Vegetable oil is derived from leaves, fruits, or the seeds of plants. Olive oil, soybean oil, canola oil, etc, all full under the category of vegetable oils. Vegetable oil is plain and flavorless, making it ideal for cooking when you do not want to overshadow the taste of the dish.
When people refer to shortening they are typically talking about vegetable shortening, such as the common brand Crisco. Shortening is essentially hydrogenated oil. It has a high fat content, and a similar pliability to room temperature butter. Like vegetable oil, shortening has no flavor.
This is one of the longer Differences Betweens, so if you want the short answer before reading further here it is:
The main difference between vegetable oil and vegetable shortening is the solidity factor. Shortening becomes solid at room temperature, while oil does not. Most of the time, vegetable oil and melted vegetable shortening can be substituted for one another in recipes.

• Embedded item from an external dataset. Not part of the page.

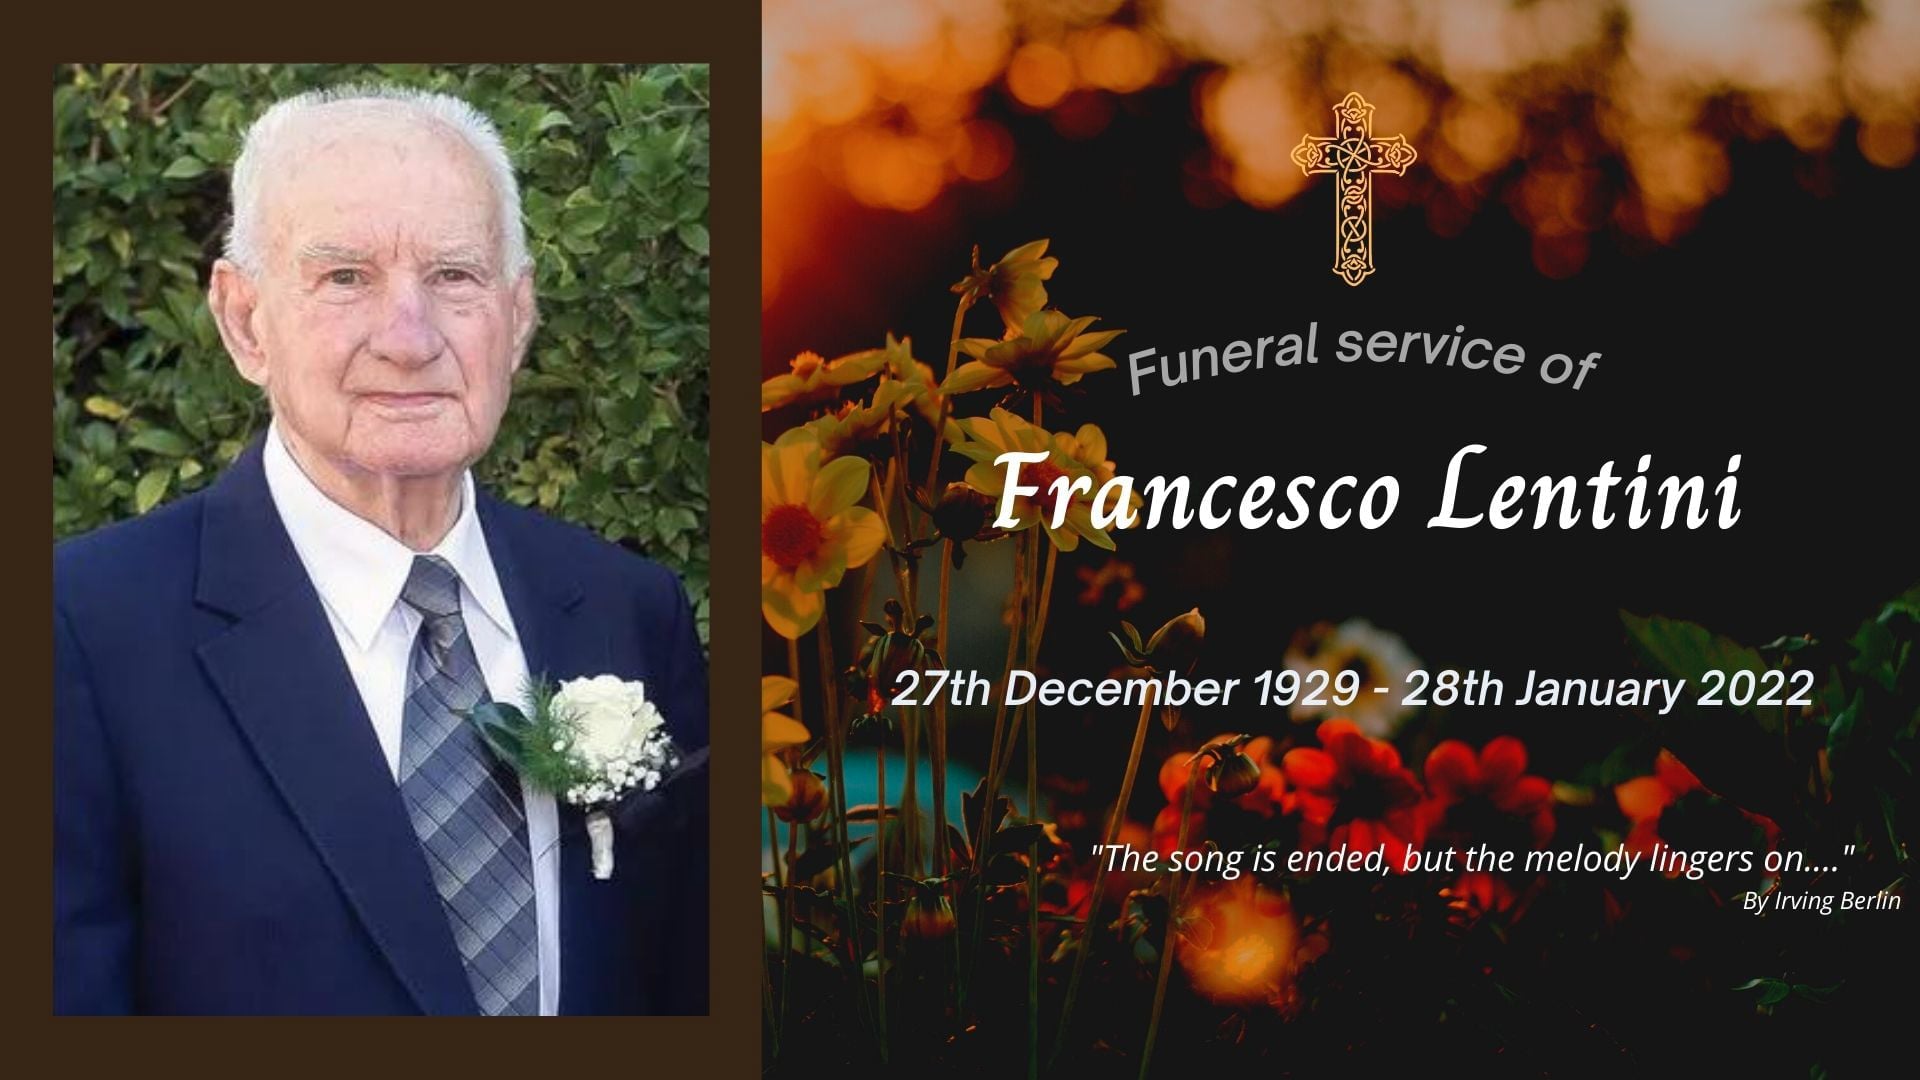 Funeral service of the late Francesco Lentini

When looking at vegetable oil and shortening we must examine these fats with regard to baking specifically. As with other Difference Betweens, we ask the question, can one be used for another in recipes? Many sources I came across pointed to yes.
In researching the answer, most of what I found was from people commenting on forums, which I typically do not like to use as a source of reliable information – who knows who the heck these people are?

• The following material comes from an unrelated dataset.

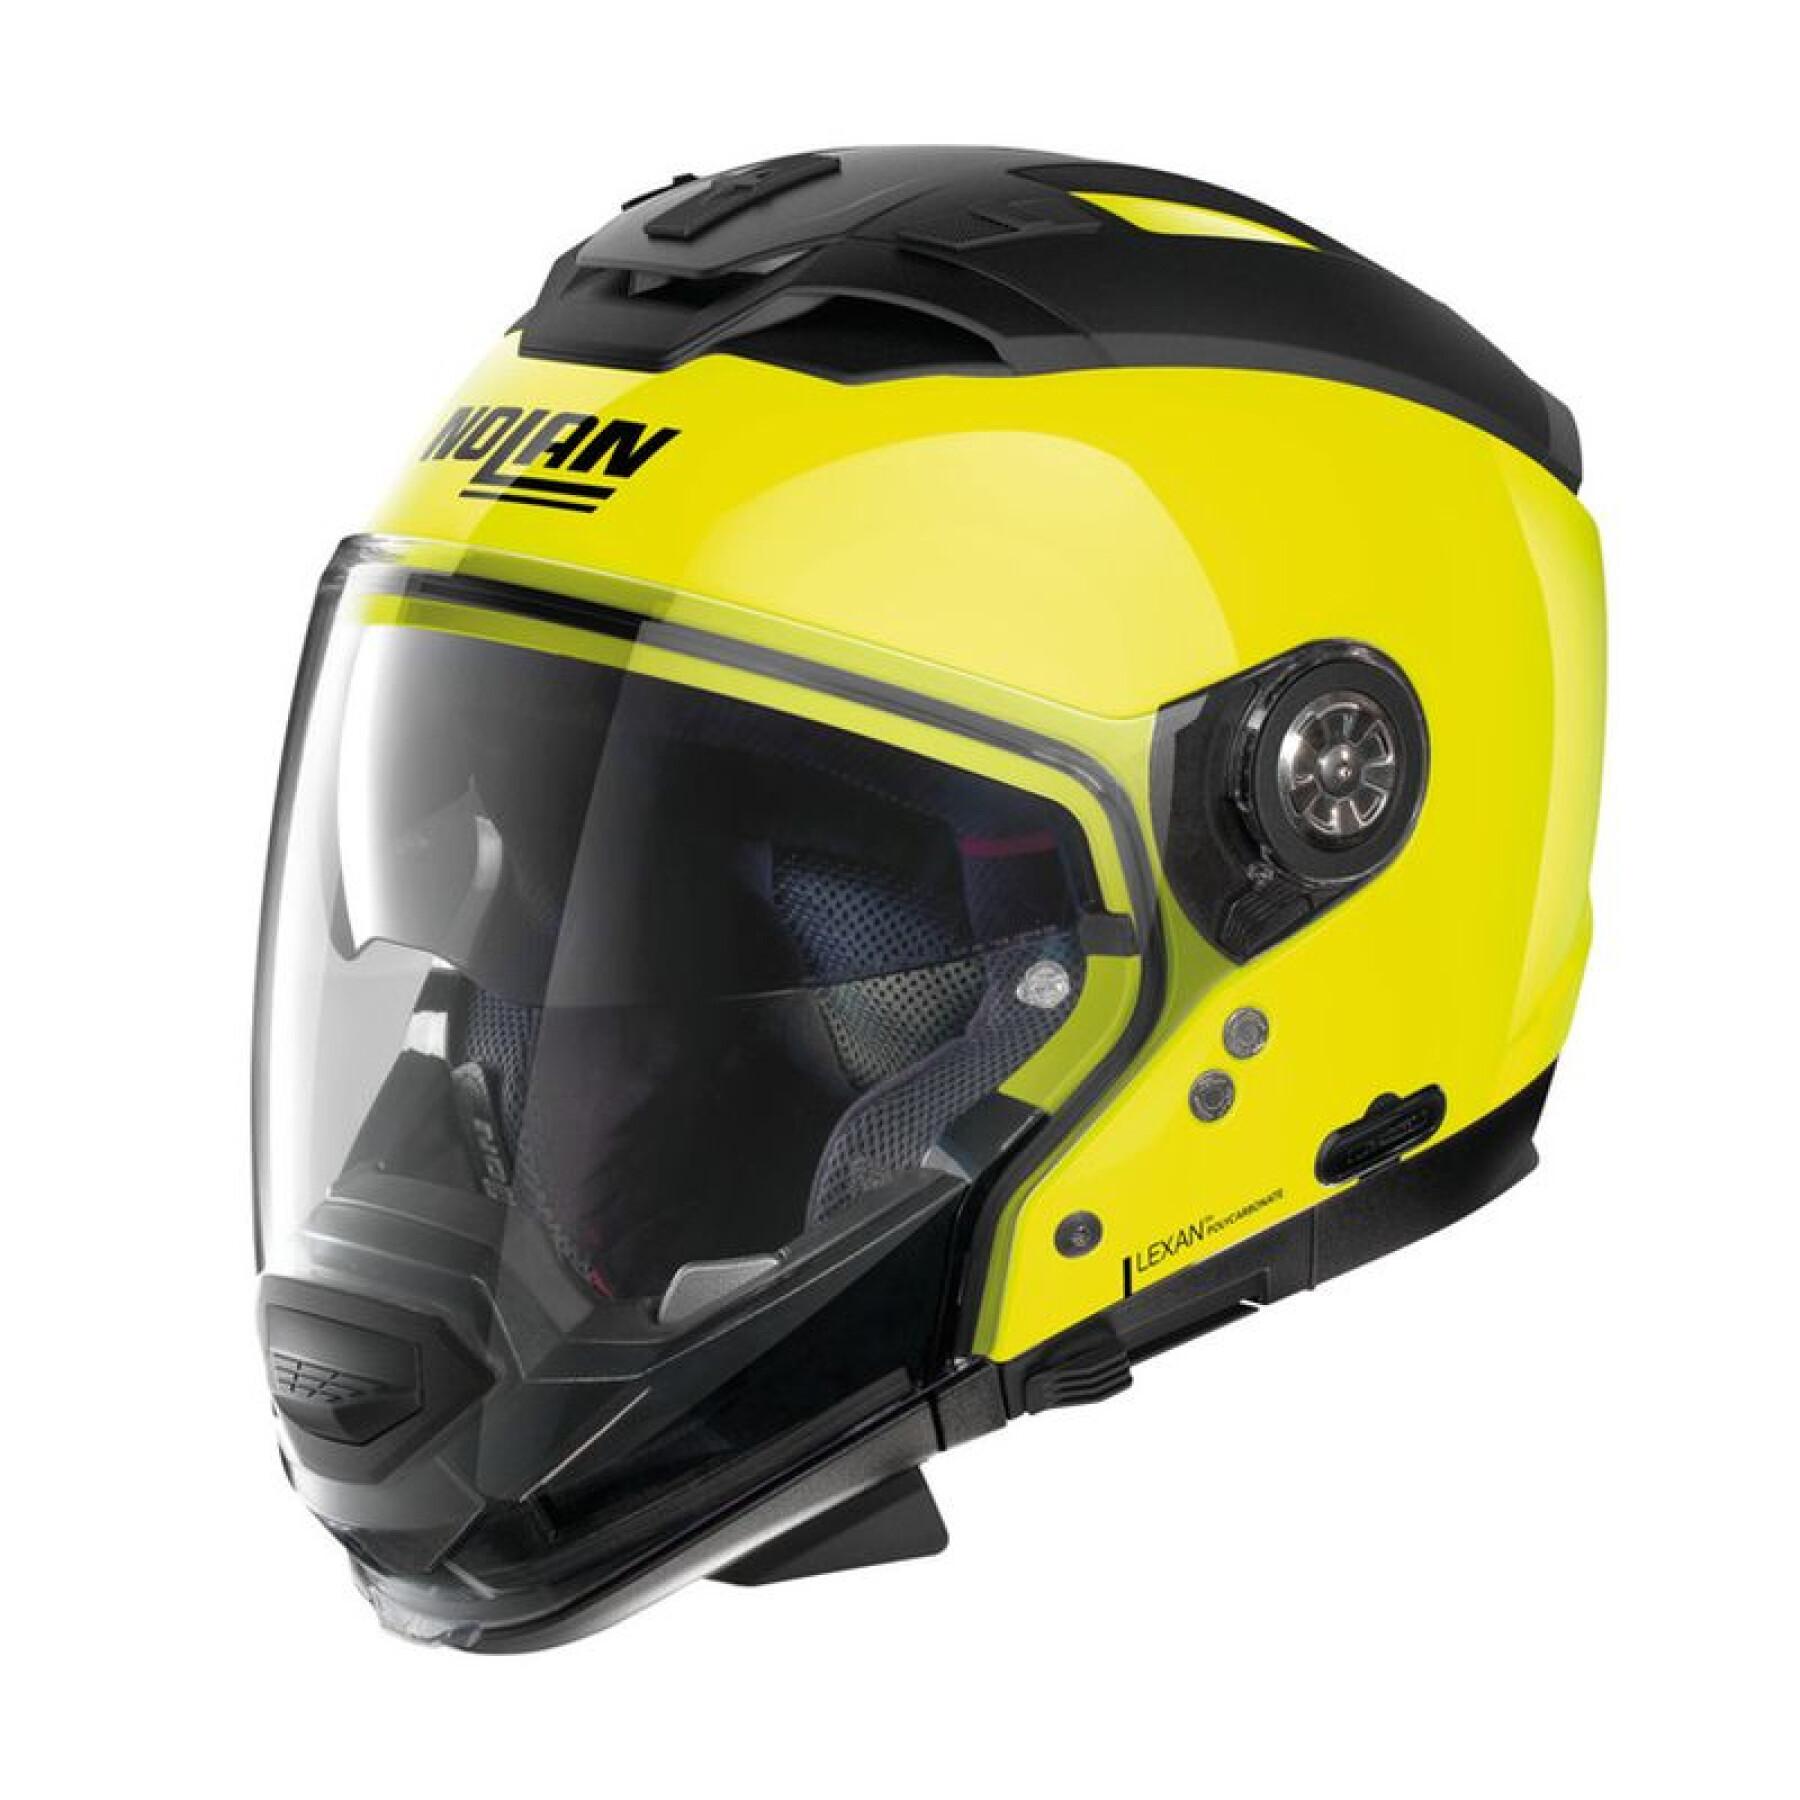 Motorfiets crossover helm n70-2 gt Nolan Hi-Visibility N-Com Fluo 22

However, I will rely on forums if they’re from a reputable site, such as Food52.com, particularly if owners of the site are responding to inquires.
There, I found that generally you can substitute vegetable oil for shortening. When subbing shortening in for vegetable oil, it must be measured after the shortening has melted.

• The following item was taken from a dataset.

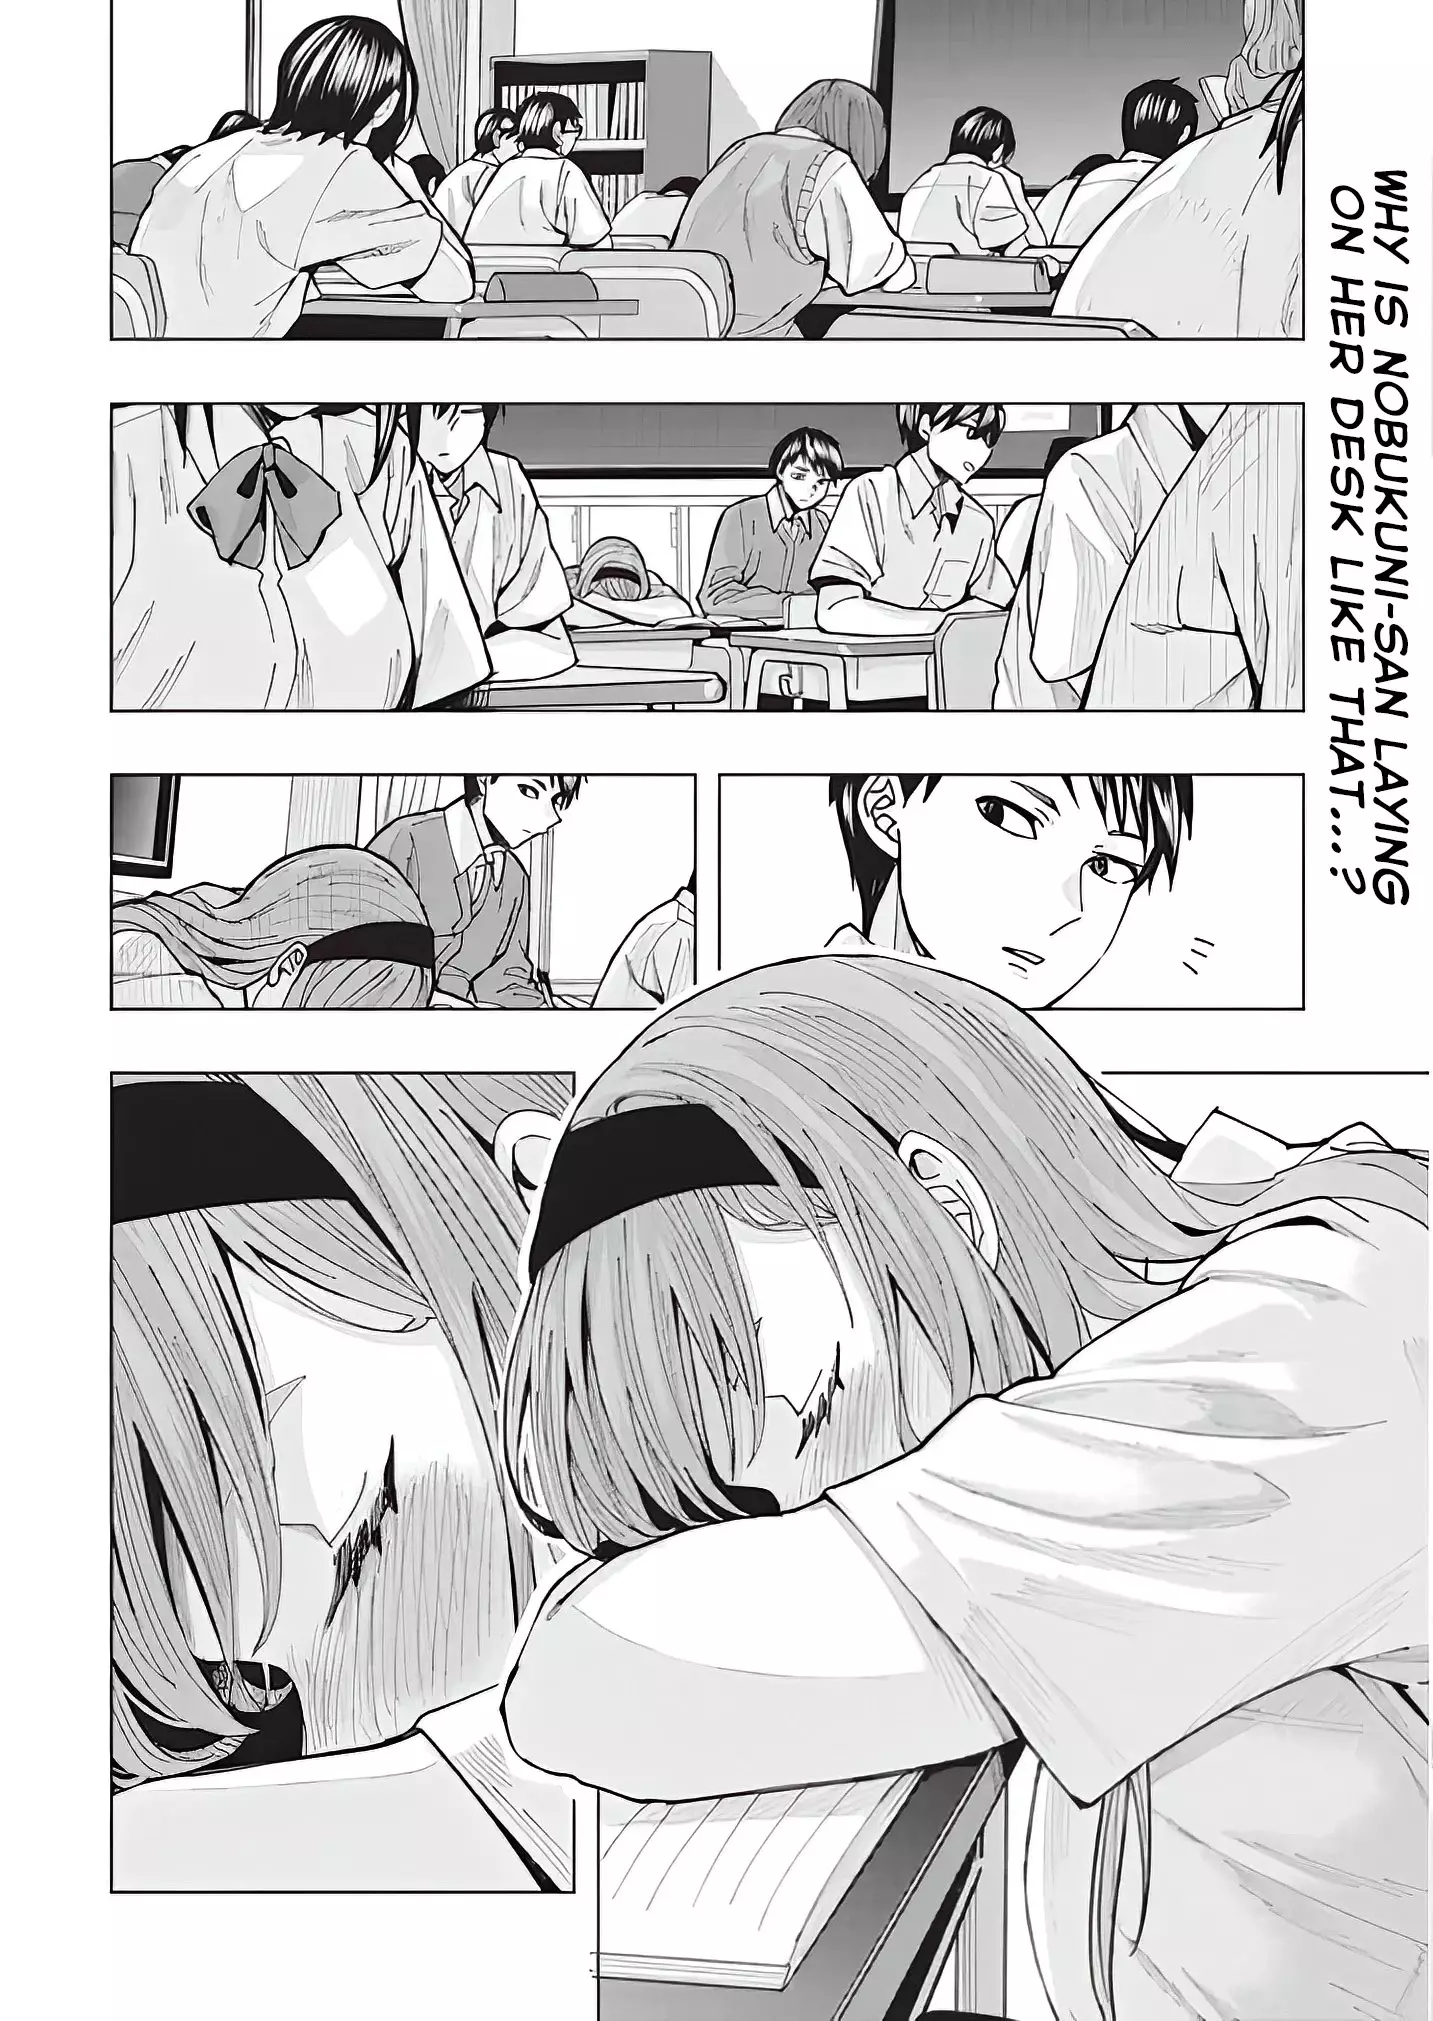 "nobukuni-San" Does She Like Me? - 2 page 3

Interestingly, in the Food Substitutions Bible, they listed the possible substitutions for vegetable shortening as lard, unsalted butter, margarine, or bacon fat; vegetable oil was not named. There was also nothing specified as a substitute for vegetable oil; they only delved into subbing different oils for one another.
I would recommend taking a conservative approach when substituting shortening for vegetable oil or vice versa. It is wise to look at the specific recipe before assuming that the blanket answer of “it will probably be fine” applies to your dish. Clearly, if you are using vegetable oil in a salad dressing, then substituting shortening in is not possible (again, why we’re focusing on baking).
A couple of exceptions I found to the swapping of oil and shortening: According to LiveStrong.com, you cannot substitute oil for shortening in doughnuts. And according to Betty Crocker, you cannot substitute shortening for oil in brownies (although you can use butter).
In conclusion, vegetable oil and vegetable shortening are basically the same flavorless product, only one is liquid and one solid. Oil and melted shortening most often can be exchanged in recipes. For people like me, who are more into cooking than baking, play it safe by doing a little research before making a substitution.